July 25, 2023 at 8:58 am
I'm trying to write a DR doc with no test system for someone with no experience of SQL / clustering. I know! Don't ask. It's a weird old place where I work but they pay, I do.
So, 2 nodes at site 1. 2 at site 2. 2016. AG. WSFC underlying on 2016. File share witness at site 1.
Scenario is site 1 is completely gone forever.
DR monkey logs onto site 2. What state is the WSFC in?
July 25, 2023 at 3:37 pm
The cluster is more than likely failed, you will have to force quorum. 2012 R2 introduced dynamic quorum, but it can't lose most of the votes at the same time. The design and scenario means that the DR plan will also have to plan for restoring the original site as it could cause split brain in the cluster if it is not brought back 'correctly.'
July 25, 2023 at 8:17 pm
On your DR Doc, I would document what the role is of Each server then in what order they will take in the event of a failure. ie how to promote to primary etc...
July 25, 2023 at 8:20 pm
It depends on the how the cluster quorum was configured in the first place. If all nodes in the cluster have a quorum vote - then you have 2 possibilities.

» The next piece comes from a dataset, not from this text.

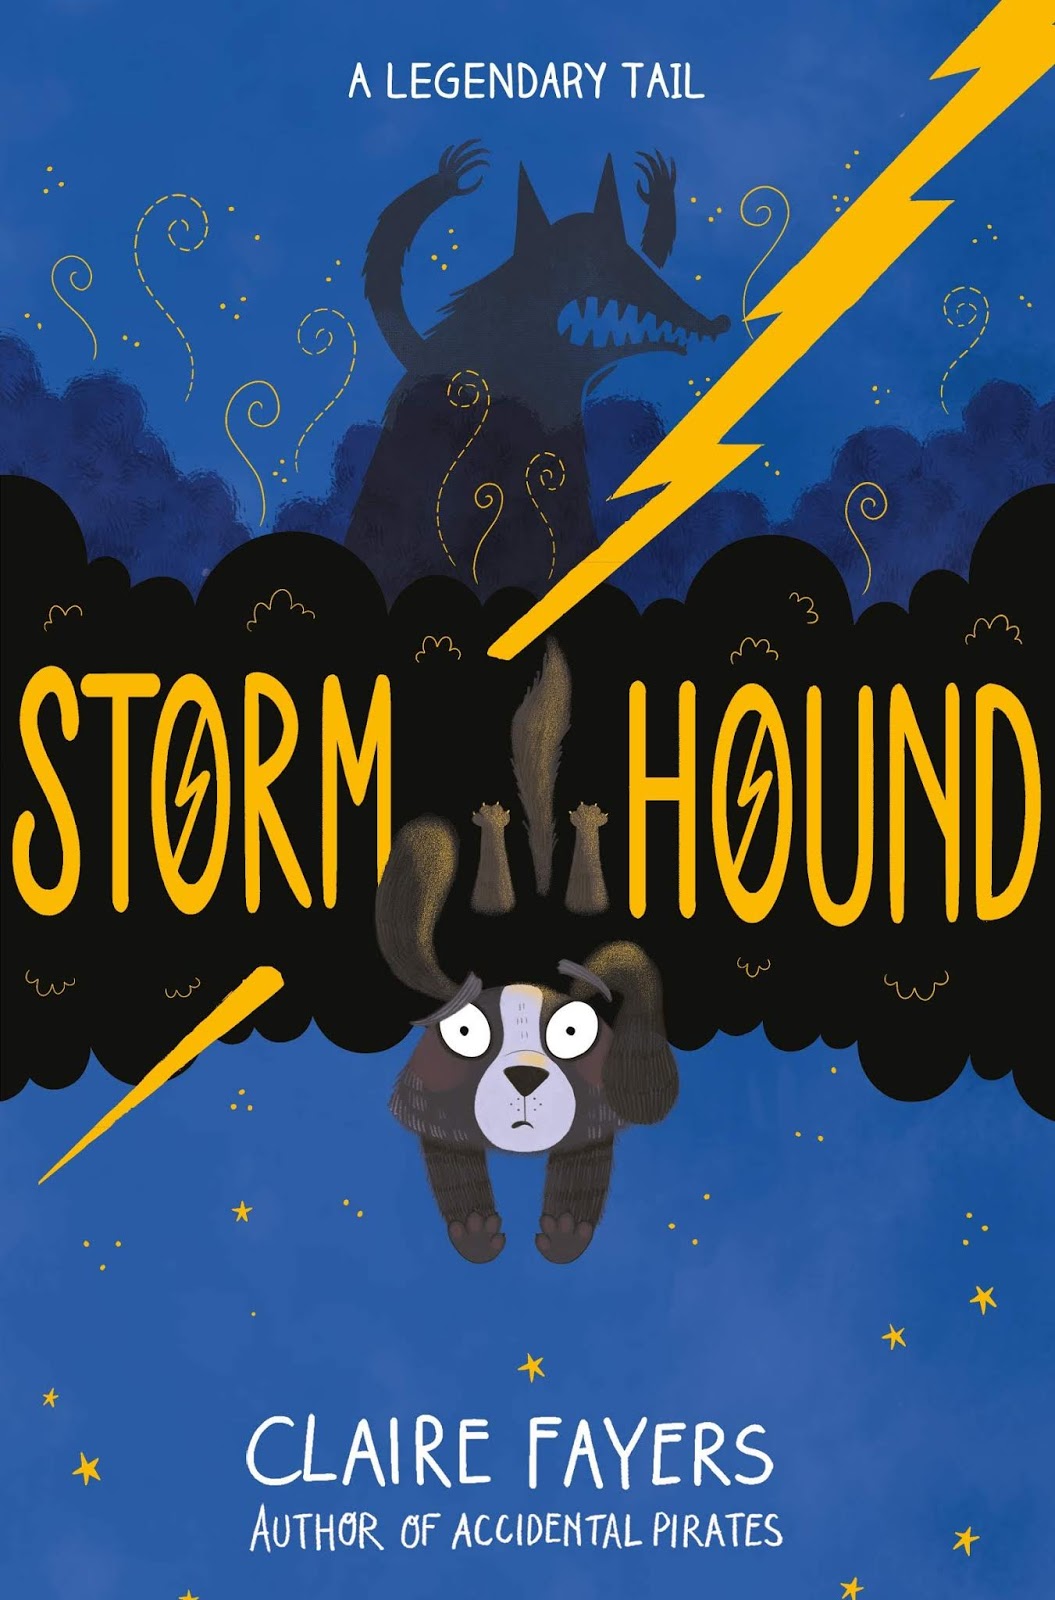 Mr Ripleys Enchanted Books: Claire Fayers - Storm Hound ...

Since the file witness is located in DC1 - you are always running the risk of not having quorum. If the file witness is not available (site 1 is down), then you cannot restart either node in the cluster without taking the cluster down. You definitely need to consider moving that file witness to a location that is accessible from either location and not dependent on either location. A cloud witness is one option...
Another consideration - you can set the node weight on the DR nodes to 0. That removes those nodes from quorum - so in the event you lose access to site 2 (DR) you will not affect quorum and your cluster will remain up and healthy. If site 1 goes down, you can then manually set the node weights on the nodes in the DR site - and force the AG with data loss to recover and bring the system up. You really don't want to fail over to a DR site automatically - it should be driven by the business, once it has been determined that the primary site will not be up within a certain time.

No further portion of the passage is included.